An estimated two-thirds of trauma patients have multiple injuries that can interfere with cervical spine evaluation. Evaluation ideally includes computed tomography (CT) or magnetic resonance imaging (MRI), but imaging may not be practical in some cases because of the risk of transporting patients in an unstable condition. For this reason, standard radiographic views of the cervical spine, often taken with a portable x-ray machine, are frequently relied upon to evaluate for the presence of cervical spine injury and associated instability. For cervical spine imaging to have greatest utility, the entire cervical spine (including the body of the first thoracic vertebra) must be visible. Images are analyzed for alignment of the vertebrae (lateral view) and presence of fractures (all views), and the disk and soft tissue spaces are evaluated. The sensitivity of plain radiographs for detecting cervical spine injury is less than 100%, so the likelihood of cervical spine injury must be interpreted in conjunction with other clinical signs, symptoms, and risk factors. If there is any doubt, it is prudent to treat all acute cervical spine injuries as potentially unstable until proven otherwise.
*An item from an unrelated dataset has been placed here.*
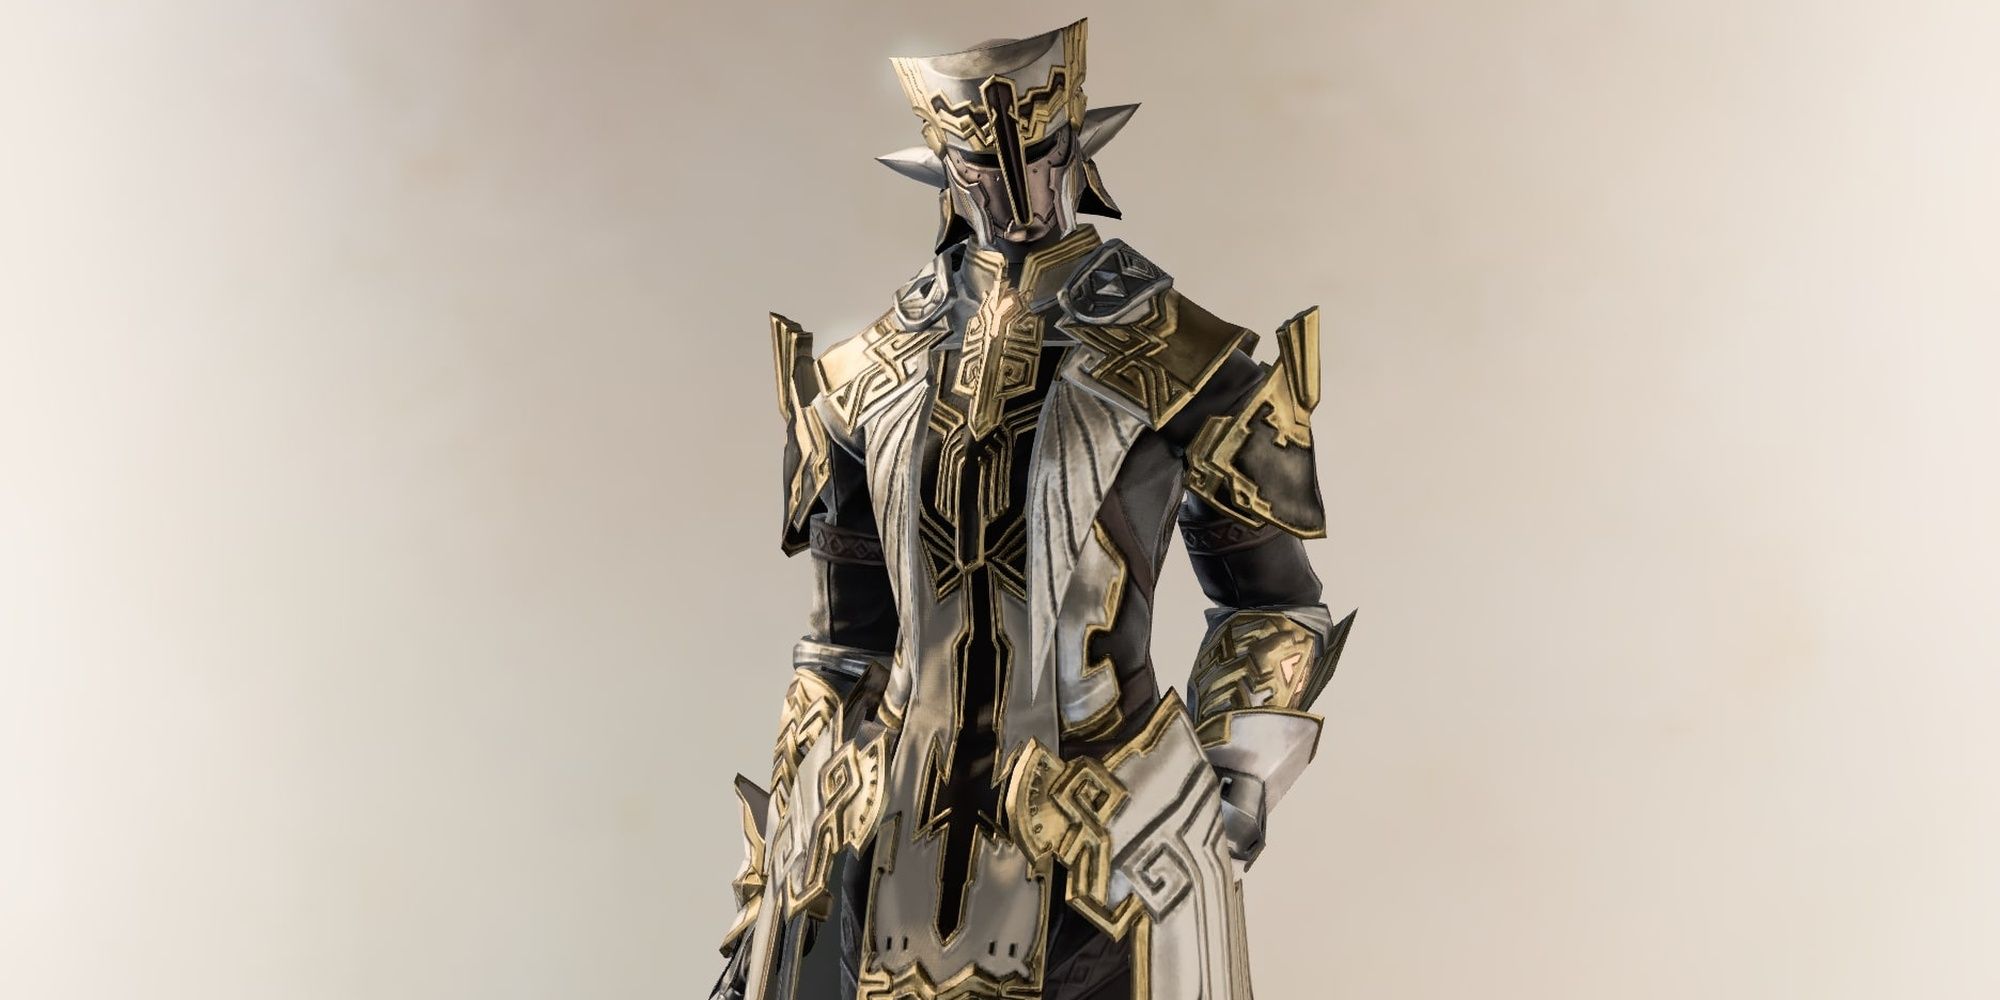 Final Fantasy 14 Character in Ronkan Armor Against an Off-White Background

Treatment of a cervical fracture or dislocation entails immediate immobilization to limit neck motion. Soft neck collars have little effect in limiting movement of the neck. Hard neck collars limit neck flexion and extension, but only by about 25%; therefore halo-thoracic devices are often needed to provide effective immobilization and traction to prevent cervical spine movement. During direct laryngoscopy with manual inline stabilization (MILS), any cervical collars are removed and an assistant’s hands are placed on each side of the patient’s face while downward pressure is applied against a firm table surface to hold the head immobile in a neutral position and minimize cervical flexion and extension. MILS can be done with the assistant either behind the patient adjacent to the intubator or with the assistant orthogonal to the patient and the assistant’s forearms resting on the patient’s chest or clavicles. Hard collars tend to limit mouth opening, but with their removal and application of MILS 56% of patients will improve their Cormack-Lehane grade. Attention must be paid while grasping the head not to apply traction and elongate the cord, which may compromise cord perfusion. Not only can movement of the neck in the presence of cervical spine injury cause mechanical deformation of the spinal cord, but there is an even greater risk that neck motion that elongates the cord will compromise spinal cord blood supply as a result of narrowing the longitudinal blood vessels. In fact, maintenance of spinal cord perfusion pressure may be of more importance than positioning for prevention of spinal cord injury in the presence of cervical spine injury.

Management of anesthesia

Patients with acute spinal cord injury often require special precautions during airway management. When laryngoscopy is performed, neck movement must be minimized and hypotension avoided so that spinal cord perfusion pressure can be maintained. However, fear of possible spinal cord compression must not prevent necessary airway interventions. Extensive clinical experience supports the use of direct laryngoscopy for orotracheal intubation provided that (1) maneuvers are taken to stabilize the head during the procedure and thus to avoid hyperextension of the neck, (2) prior evaluation of the airway did not suggest the likelihood of any associated technical difficulties, and (3) adequate blood pressure and oxygenation are maintained during airway management. Otherwise, video laryngoscopes are reasonable alternates to direct laryngoscopy. Awake fiberoptic laryngoscopy with topical anesthesia is another alternative to direct laryngoscopy if the patient is cooperative and airway trauma—with associated blood, secretions, and anatomic deformities—does not preclude visualization with the fiberscope. It is important to remember that coughing during topical anesthetization of the airway and fiberoptic intubation may result in cervical spine movement. It is reasonable to have an assistant maintain MILS during all airway manipulations. There is no evidence of increased neurologic morbidity after elective or emergency orotracheal intubation of anesthetized or awake patients who have an unstable cervical spine if appropriate steps are taken to minimize neck movement. Awake tracheostomy is reserved for the most challenging airway conditions, in which neck injury, combined with facial fractures or other severe anomalies of airway anatomy, makes securing the airway by nonsurgical means difficult or unsafe. Airway management in the presence of cervical spine injury should be dictated by common sense, not dogmatic approaches. Certainly, clinical experience supports the safety of a variety of airway management techniques.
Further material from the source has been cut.